At Expedia Group™, data engineering teams offer the insights to business and other users. The insights are focussed on travelers, inventory, business transactions, etc. The data is brought into the system using micro-services and then it is processed using micro-services to offer insights. Function as a Service (FaaS) is also used to develop micro-services, discussed in the next section.
As the name goes, in this architectural pattern, the event or action or message is the reason behind the design paradigm. The main constituents of this architectural pattern are following.
- Emitter, is the one which triggers the event or performs any action or transmits the message. Emitter is also called as producer or publisher.
- Channel, is the message carrier or message store. Channel is also termed as server, broker, or router. The channel have the capability to retain the events as well.
- Consumer, is the message reader or processor. Consumer has another names as well, sink, subscriber are common.
When the shoppers shop on an e-commerce website or the mobile app, they do some activities like searching a product, viewing the product, buying the product, etc. These activities are also called as the actions done by the shoppers. These actions or events are passed to the e-commerce business over APIs. The e-commerce company is thus the consumer of the events. The simplified architecture looks as following.
The advantages of this architectural pattern include a) decoupling, b) scalability, c) agility, d) optimized costs as everything is on demand here, e) availability, and f) performance. However, the loose coupling and asynchronous behavior makes this architectural pattern inconsistent, difficult to test and maintain. The architectural pattern is best suited when emitters don’t wait for the consumers. As soon as the emitters send the message, they believe that the message is definitely going to reach the consumer at some point in time. Today, there are many technologies which follow this paradigm.
It is a queue based technology where publishers send messages to a queue which are then read by the consumers. Once a message is read by the consumer, and the acknowledgement is performed with the queue, the message is deleted from the queue.
Example: Apache Kafka
Apache Kafka is a well known project under Apache suite of projects. Rather than a queue based system, Apache Kafka is a log based system, which means as soon a message arrives in the broker, the message is retained in Apache Kafka as per the retention policy. Uber’s payment processing system is also a great example of processing online payments using Apache Kafka.

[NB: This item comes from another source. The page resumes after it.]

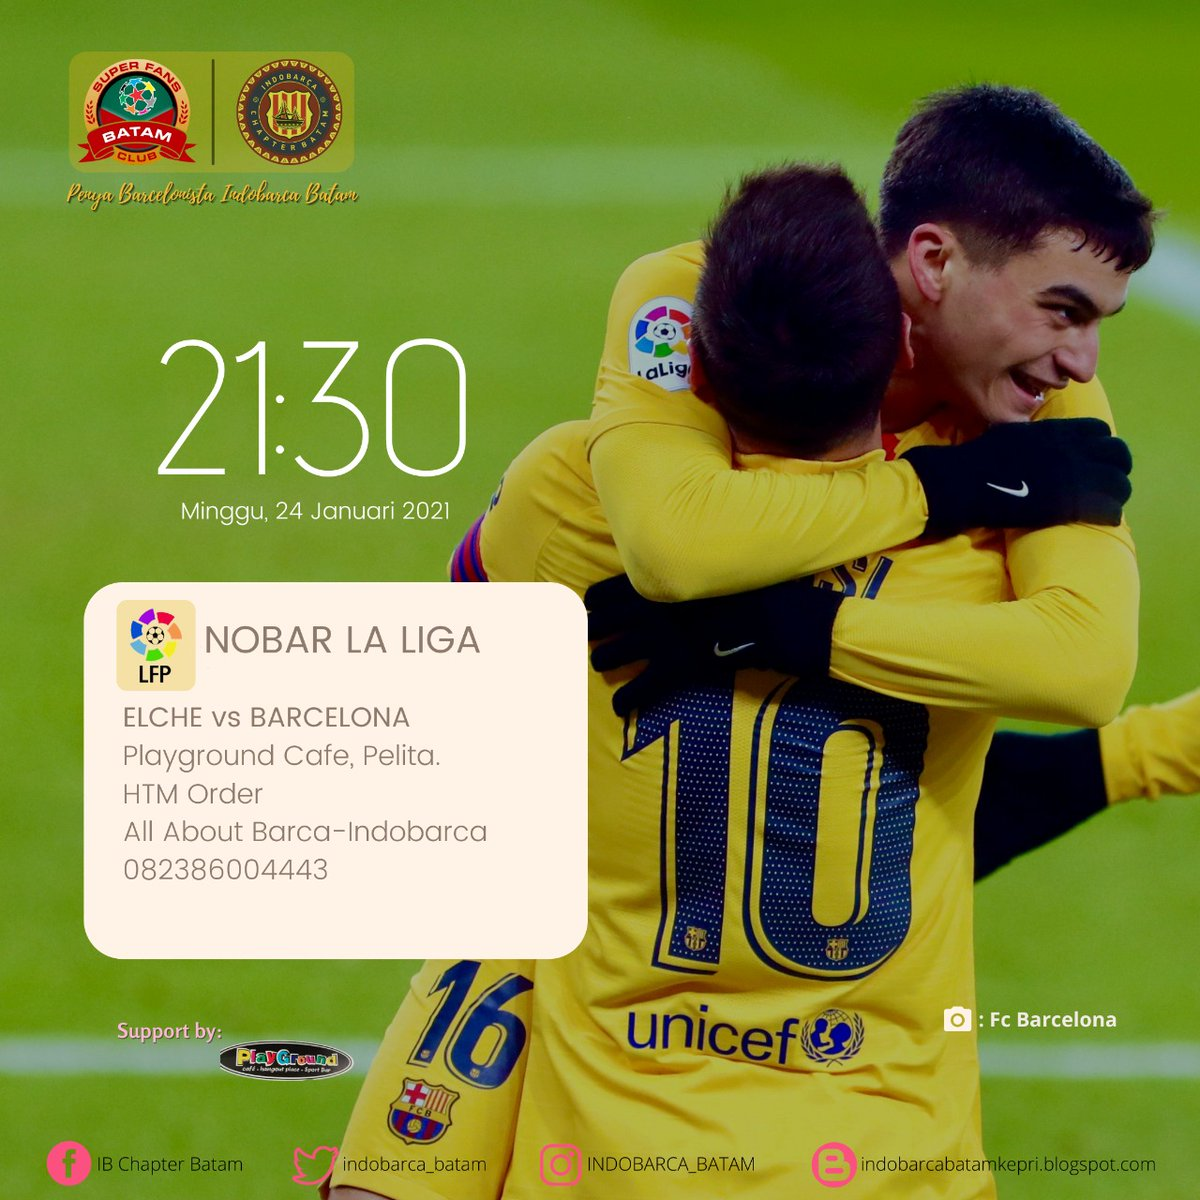 . EVENT IB CHAPTER BATAM! .  - NOBAR LA LIGA Jornada XX: Elche vs Barcelona . 📅 Minggu, 24 Januari 2021 🏠 @playgroundcafee_batam . 🕗 OG 21.30 WIB 💰 Order 👕 Barca/Indobarca . 📱082386004443 .  Skuy dinner + nobar di PG! 🔵🔴 . #ForcaBarca  #IndobarcaChapterBatam
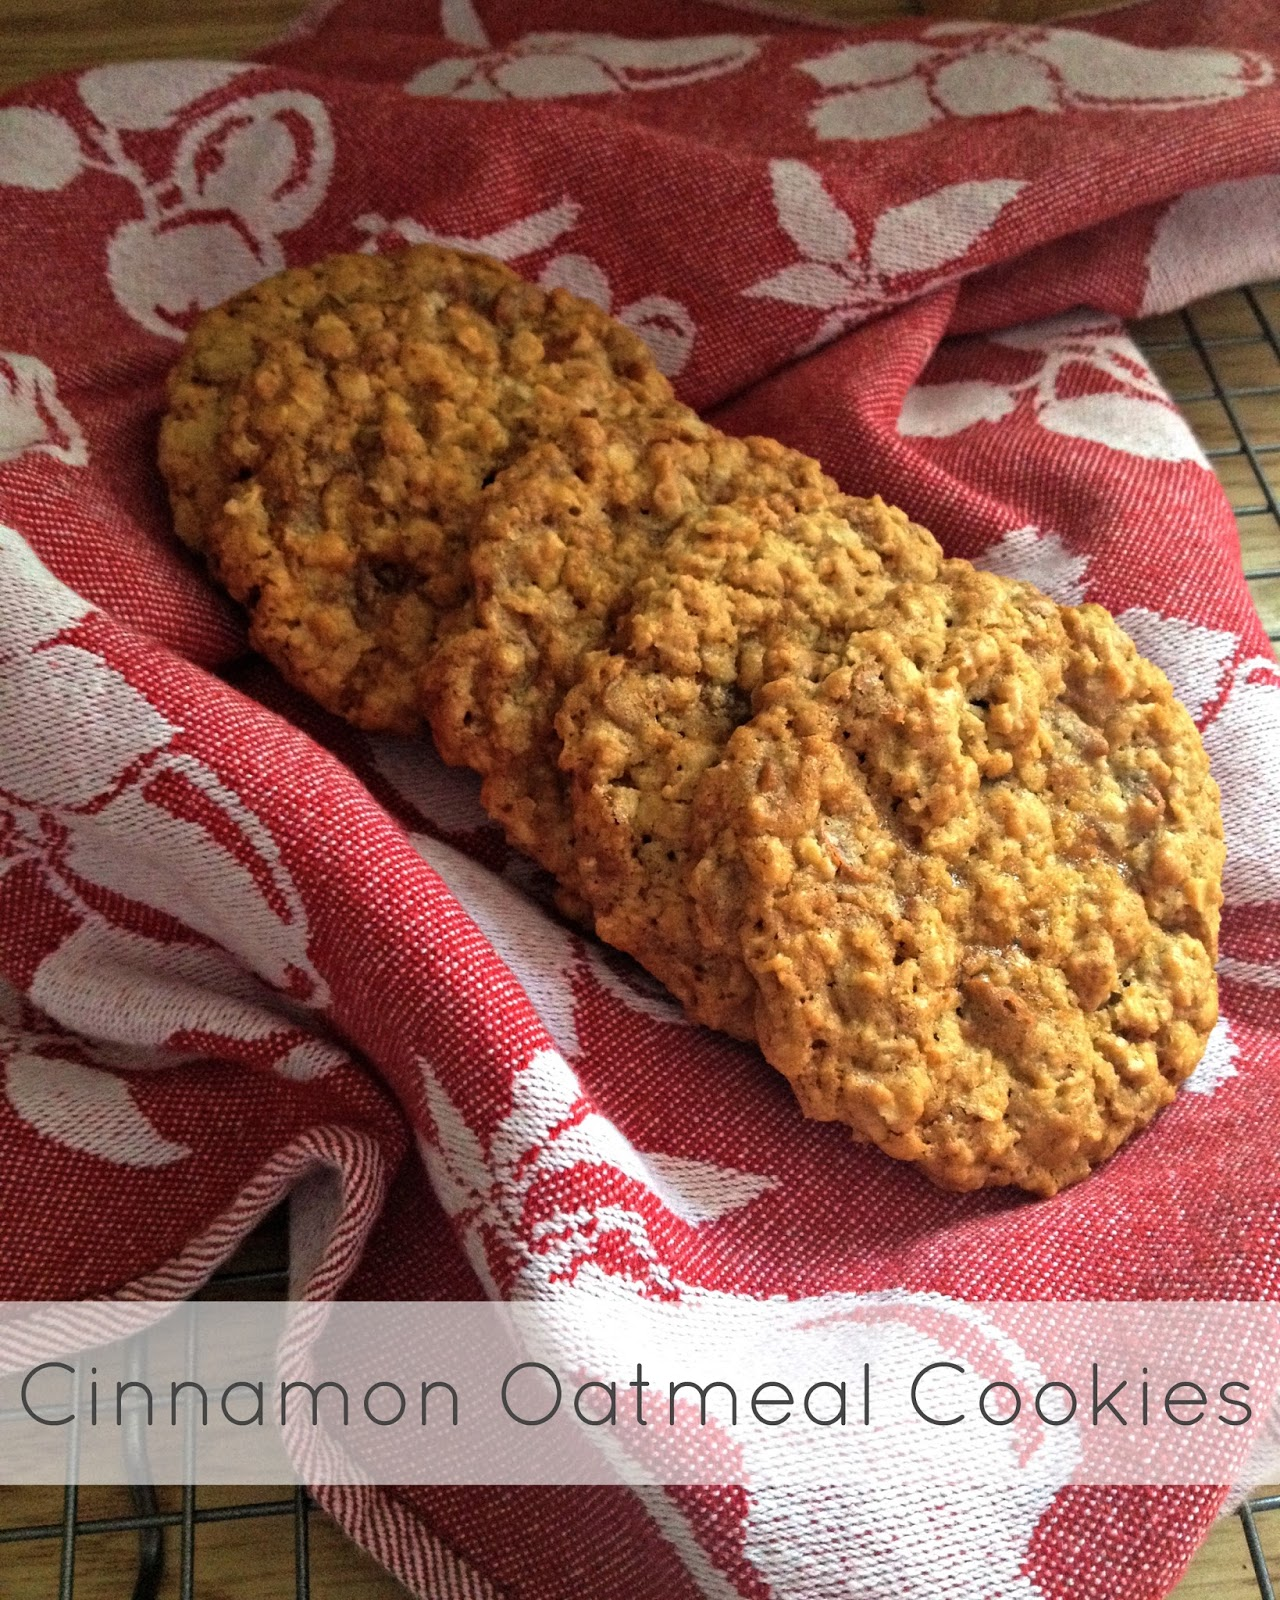 Sunflour Cottage Creations: Cinnamon Oatmeal Cookies

FaaS is also a good fit in the event-driven architectural pattern. First myth which needs to be busted is that server-less doesn’t mean that compute is without servers. Servers are there, but they are on-demand. As per server-less processing, as soon as an event needs to be processed, an application or function can be turned on to do processing, and it may be shut down after it is done.
With this research, it can be concluded that when a data platform or product is being planned, developed, or refined, the data technology to be used is determined by customer expectations (why? ), data input (what? ), data processing (how? ), and data access (where?). Technology factors such as coupling, scalability, availability, fault-tolerance, performance, dependability, and self-healing capabilities are also vital when creating fantastic data platforms and products.
Enhance your knowledge
- What is architectural style of Apache Airflow?
- What is architectural style of Presto?
- Compare the architecture of Presto with Apache Hive.
- What is eventual consistency?
- Differentiate between failure and variable latency.
- What interview questions do you think would be most relevant for Data Engineering roles at Expedia Group™?